| Red-Joss.com | Akan lebih bijak berusaha mencukupkan diri dalam aneka keadaan, daripada memaksakan diri untuk memenuhi semua keinginan.
Me-maksa-kan diri menjadi awal godaan yang dibakar oleh rasa cemburu pada sesama.
Godaan itu tidak terelakkan dari kehidupan setiap kita. Tapi Gembala telah jadi panutan: ‘say no* terhadap godaan. Minggata, setan!
Kemarin (Kamis) mobil yang saya kendarai (betul-betul) ditabrak dari belakang.

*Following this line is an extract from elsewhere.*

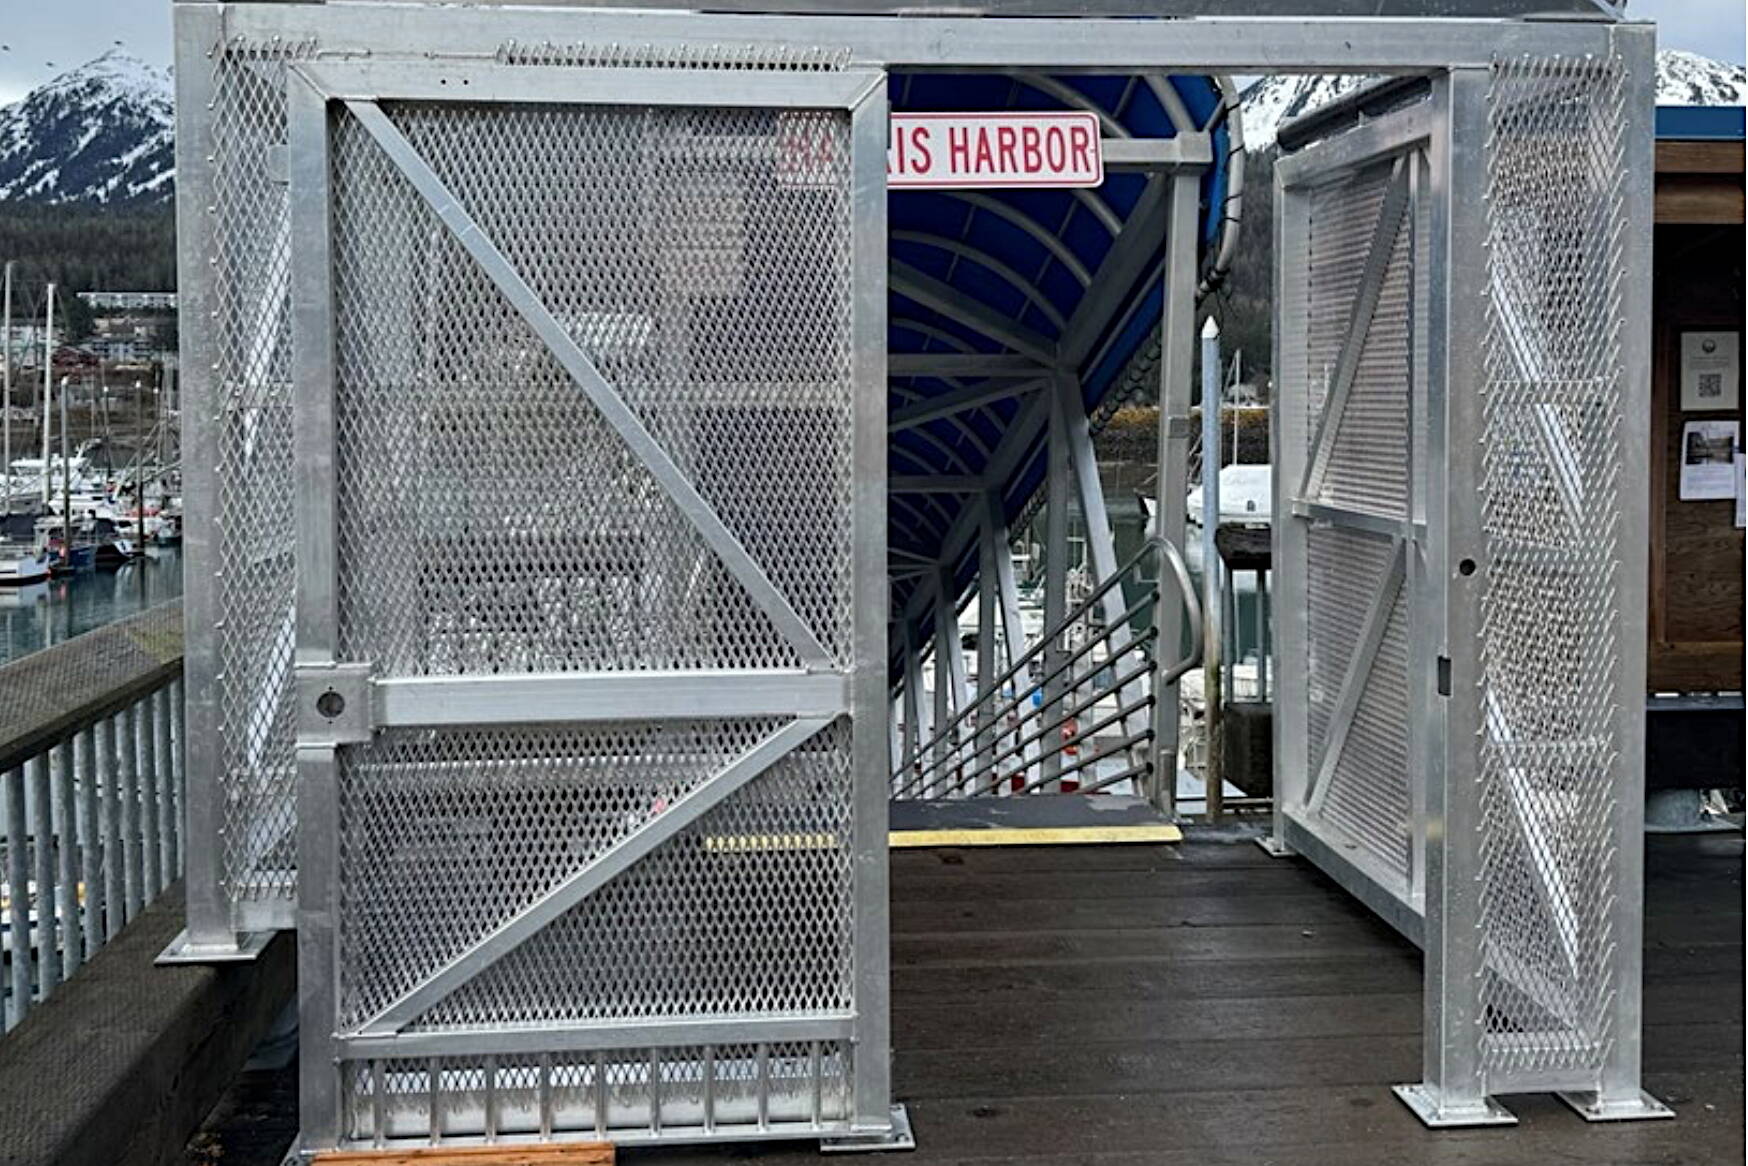 A security gate installed at Harris Harbor is scheduled to be locked from 10 p.m. to 5 a.m. daily starting in early May, with access to boaters provided by key fobs or other means. (City and Borough of Juneau photo)

Penabrak: (muda belia, mobil baru, putih bersih, bonyok kiri depan karena nabrak, enggan turun).
Mau turun, ketika polantas memintanya turun.
Penabrak: “Berapa harus saya bayar?”
Ah, di kepalanya sudah tertanam semua perkara selesai dengan uang.
(Batin). Kebetulan saya sedang butuh uang, urgent. “Ambil saja, Pak,” ujar orang muda yang kebetulan lewat (Dua jenis godaan, dari dalam dan dari luar).
Godaan itu nyata. Muncul saat ada yang mendesak, tampil masuk akal, wajar, dan ada peluang.
Kuasa doa itu juga nyata. Di akhir doa pagiku selalu begini “libera me amalo,” bebaskanlah hari ini dari godaan. Maka tanpa ragu saya katakan: “Tidak usah!”saya salami penabrak itu, lalu pergi.
Janji Allah juga pasti nyata, membèntèngi: “Saudara-saudaraku, anggaplah sebagai suatu kebahagiaan, apabila kamu mendapat berbagai-bagai pencobaan, sebab kamu tahu, bahwa ujian terhadap imanmu itu menghasilkan ketekunan” (Yakobus 1: 2-3).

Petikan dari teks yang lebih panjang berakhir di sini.